=== What you should do ===
Would you copy only the lines below, from the one containing "Camiseta Rugby MAORI" through the very last one, leaving the pictures out?

=== Data excerpt ===
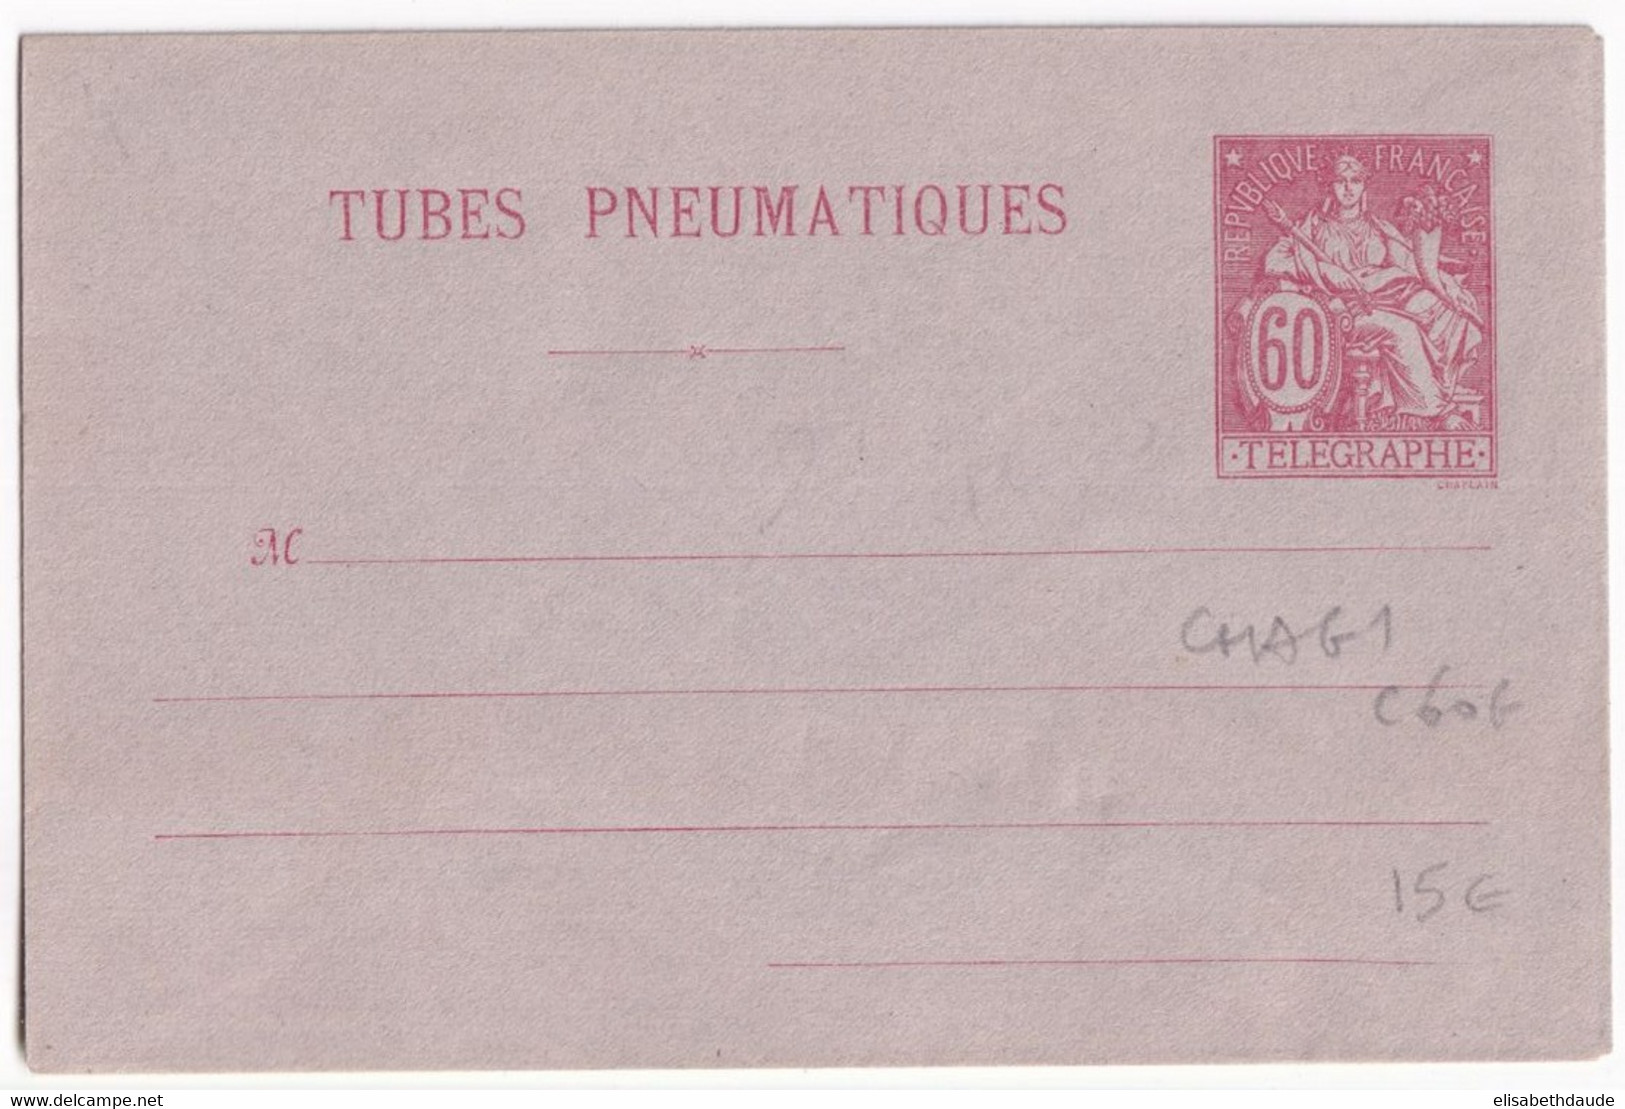 PNEUMATIQUE - 1889 - ENVELOPPE ENTIER POSTAL TYPE CHAPLAIN - STORCH G1 - NEUVE - COTE 2005 = 60 EUR. - Pneumatici
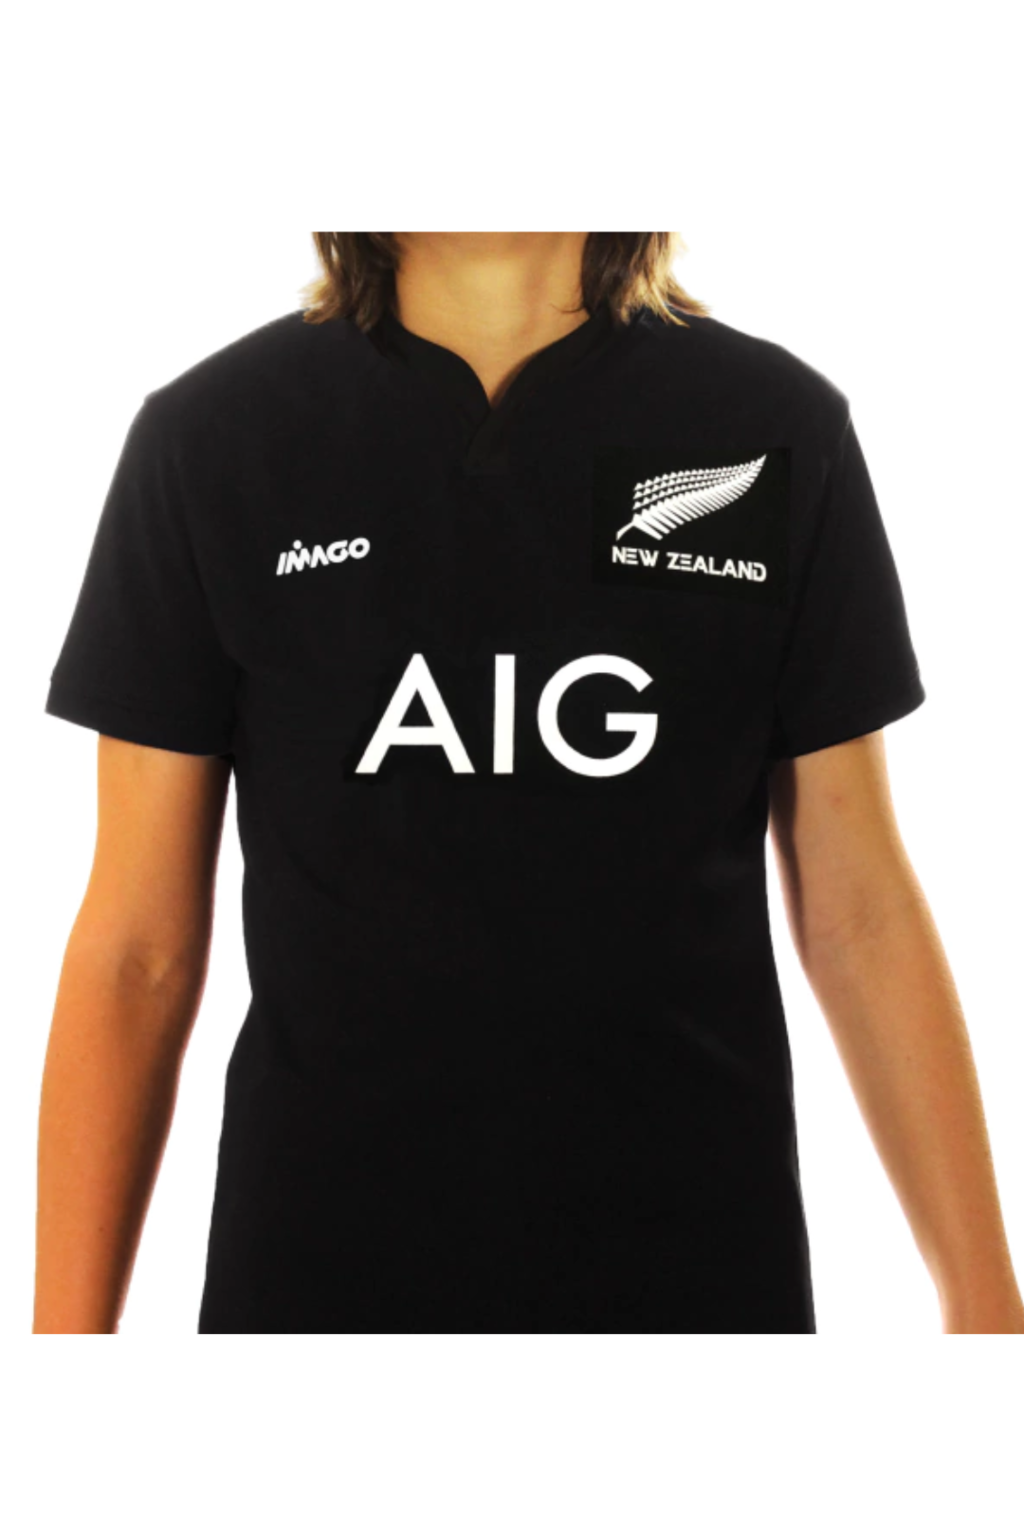 Camiseta Rugby MAORI - Cays Argentina -Tienda Online
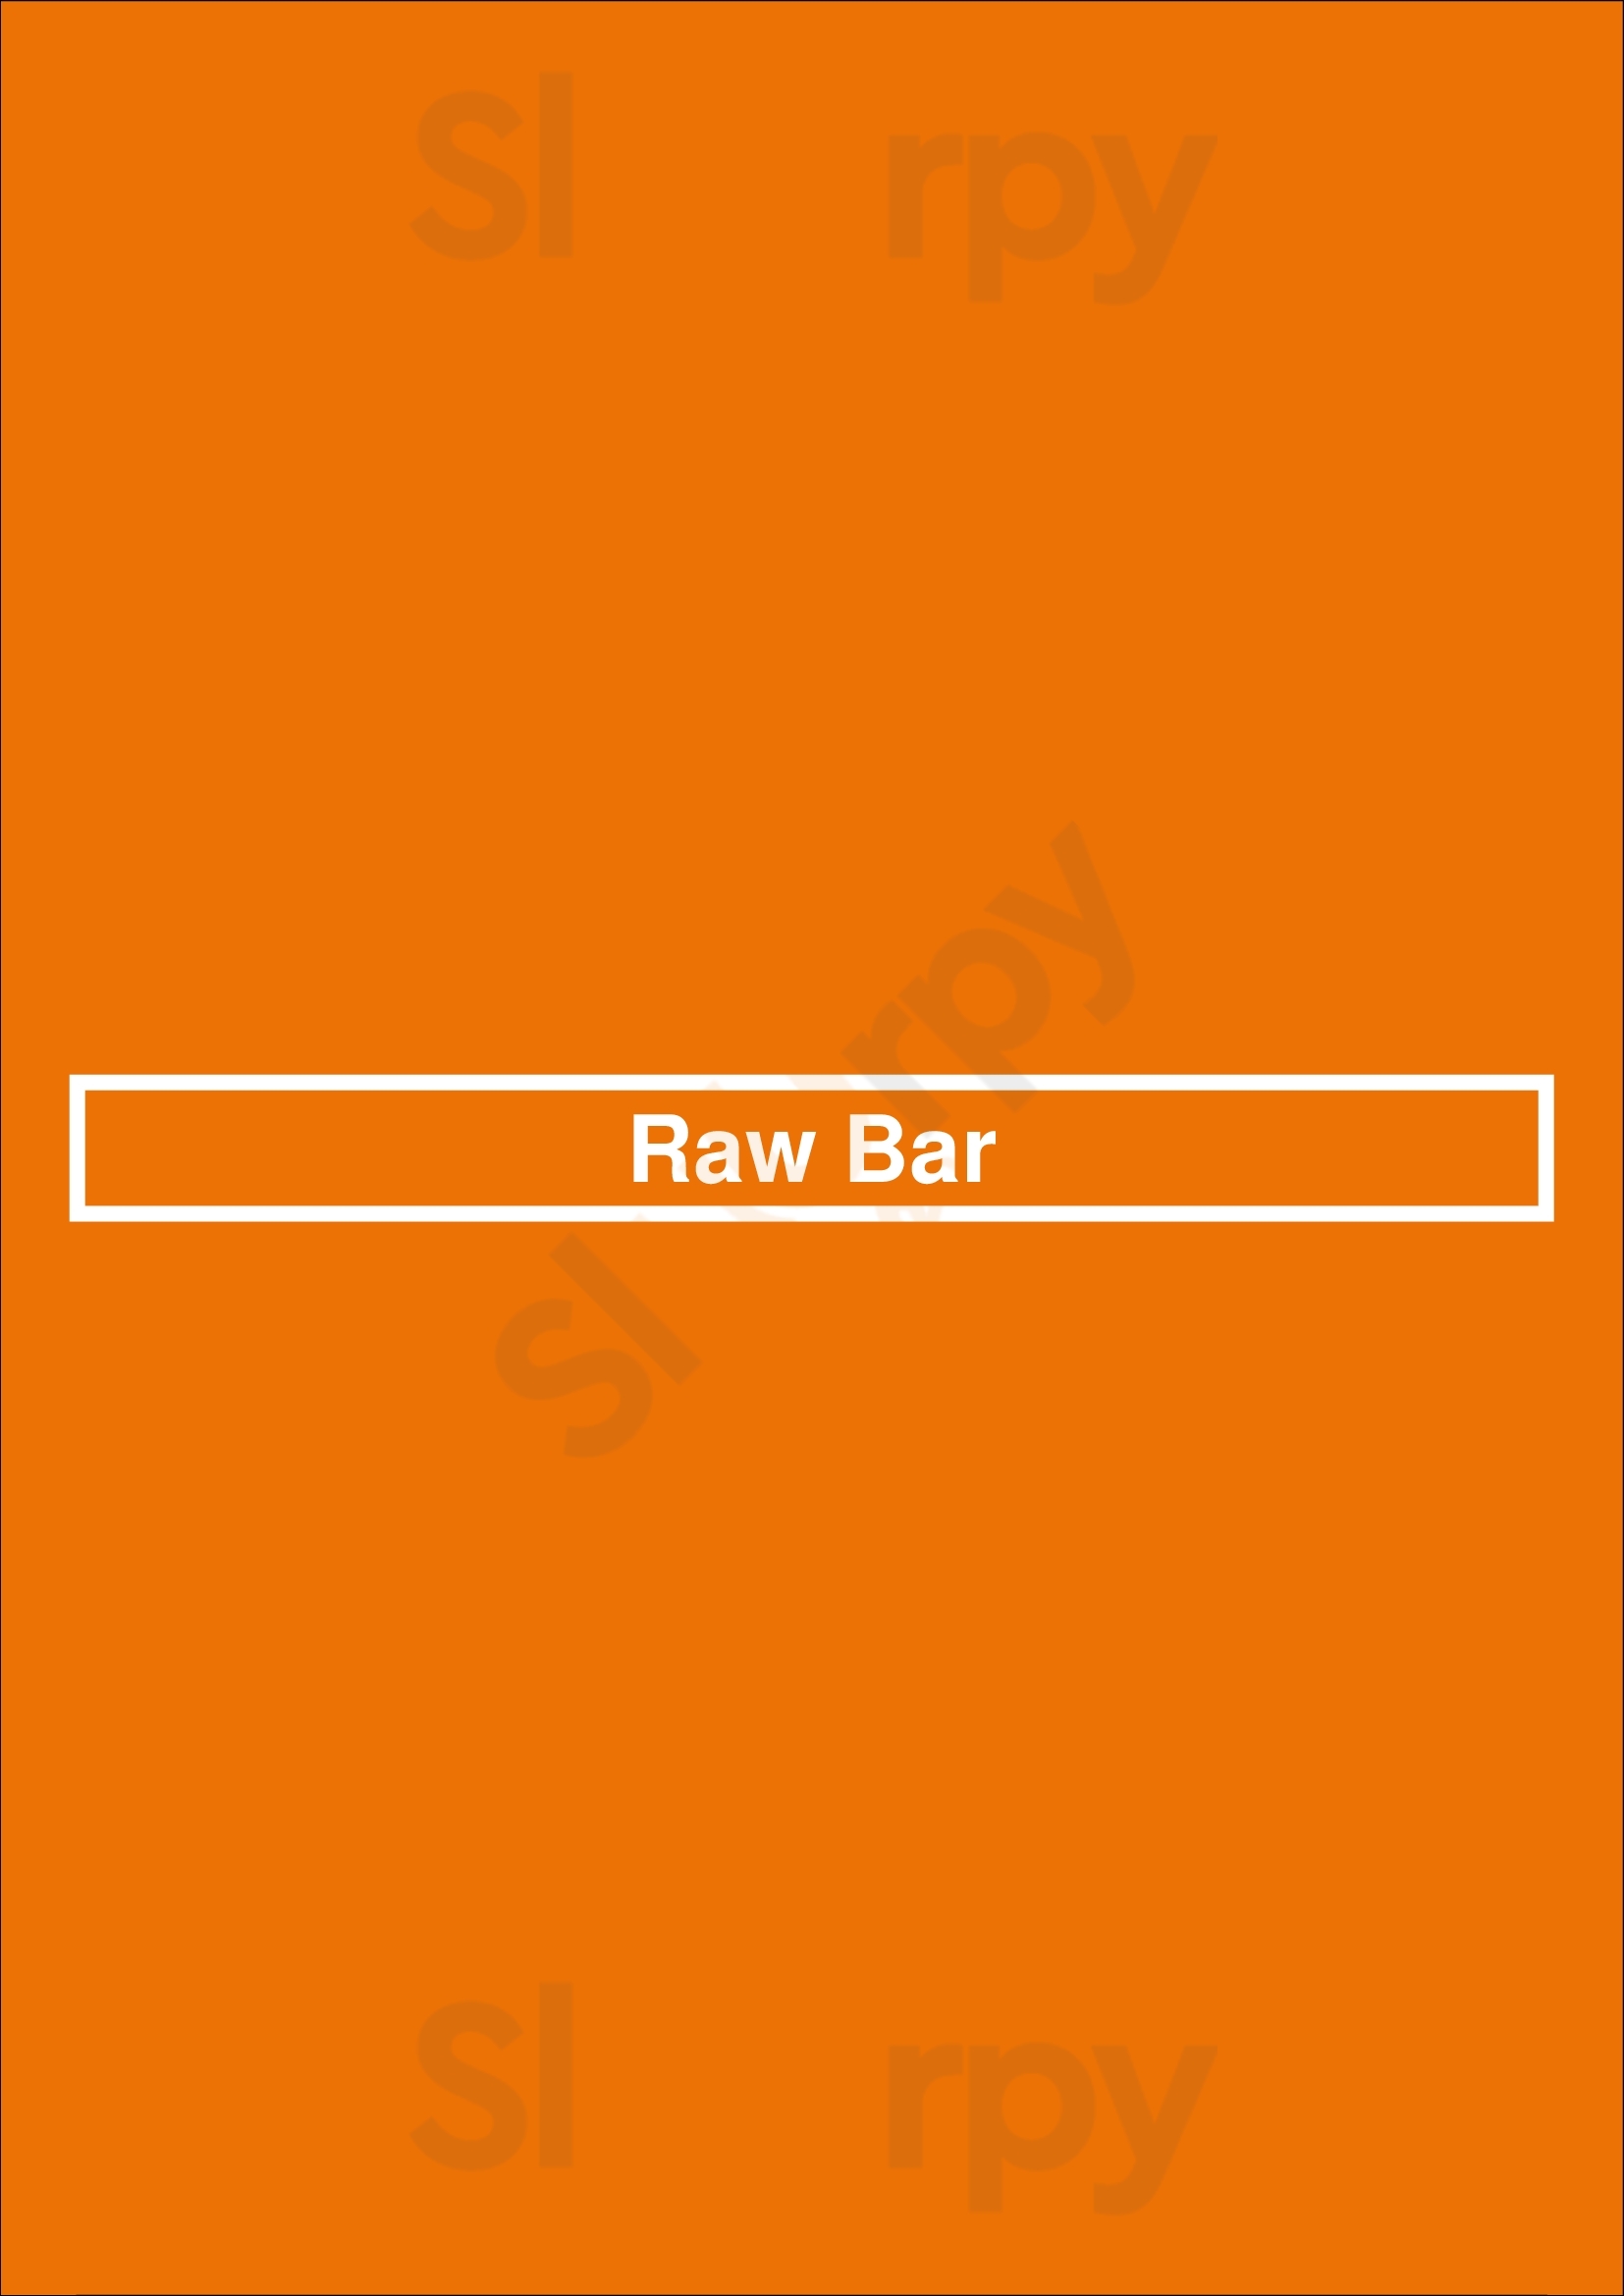 Raw Bar Calgary Menu - 1
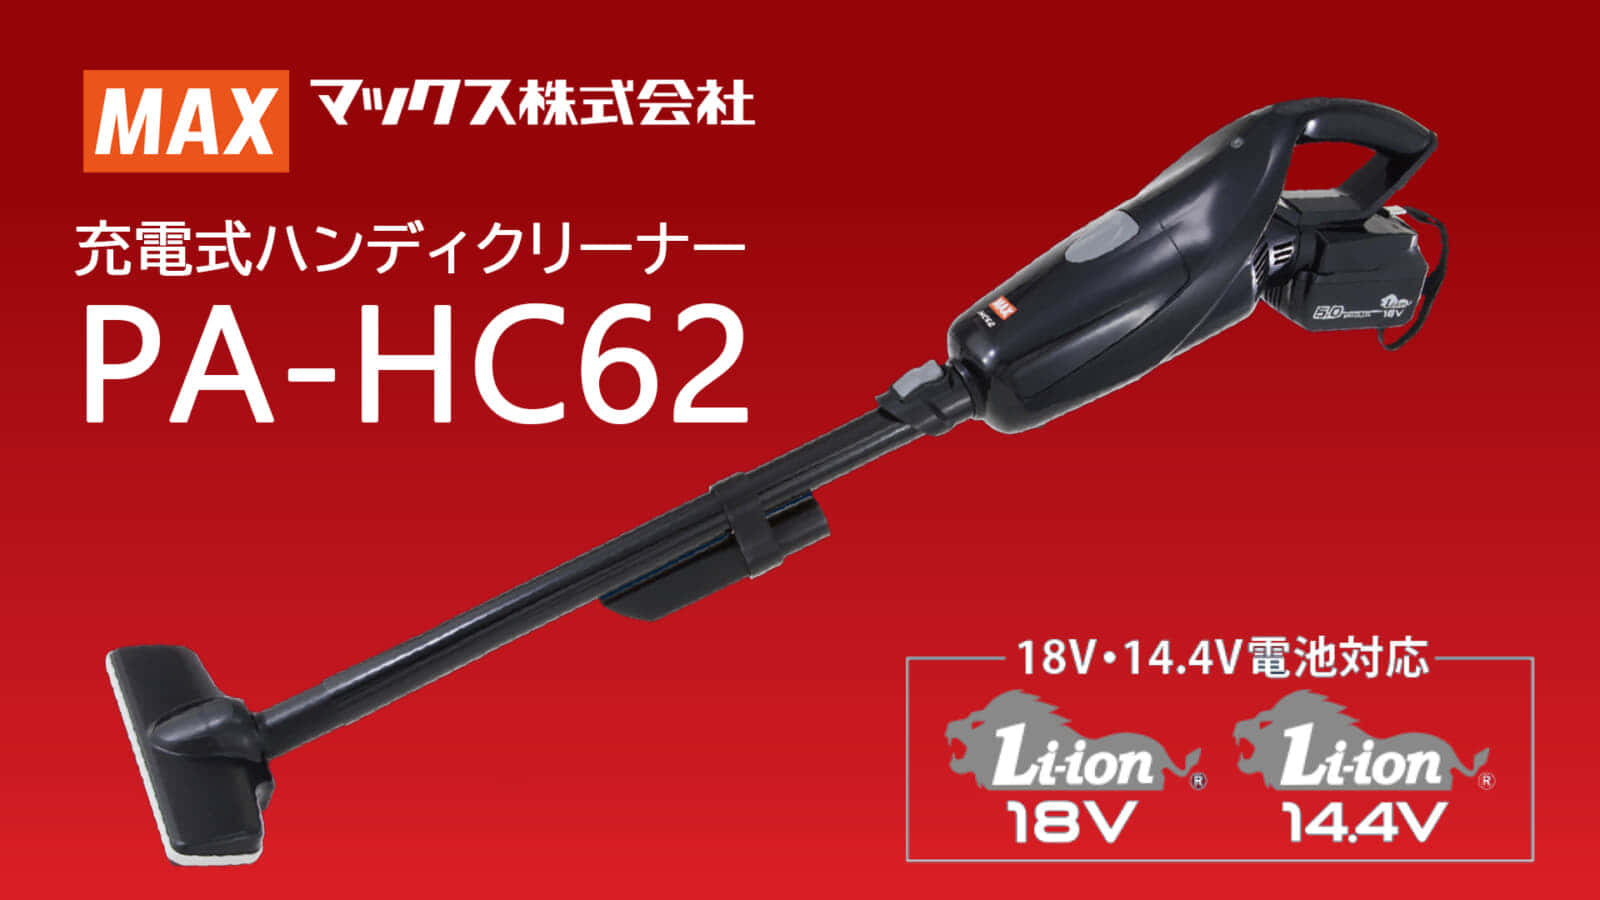 マックス PJ-HC62 充電式ハンディクリーナー発売、低騒音70dB

=== Task response ===
 Camiseta Rugby MAORI - Cays Argentina -Tienda Online
 Raw Bar Calgary Menu - 1
 マックス PJ-HC62 充電式ハンディクリーナー発売、低騒音70dB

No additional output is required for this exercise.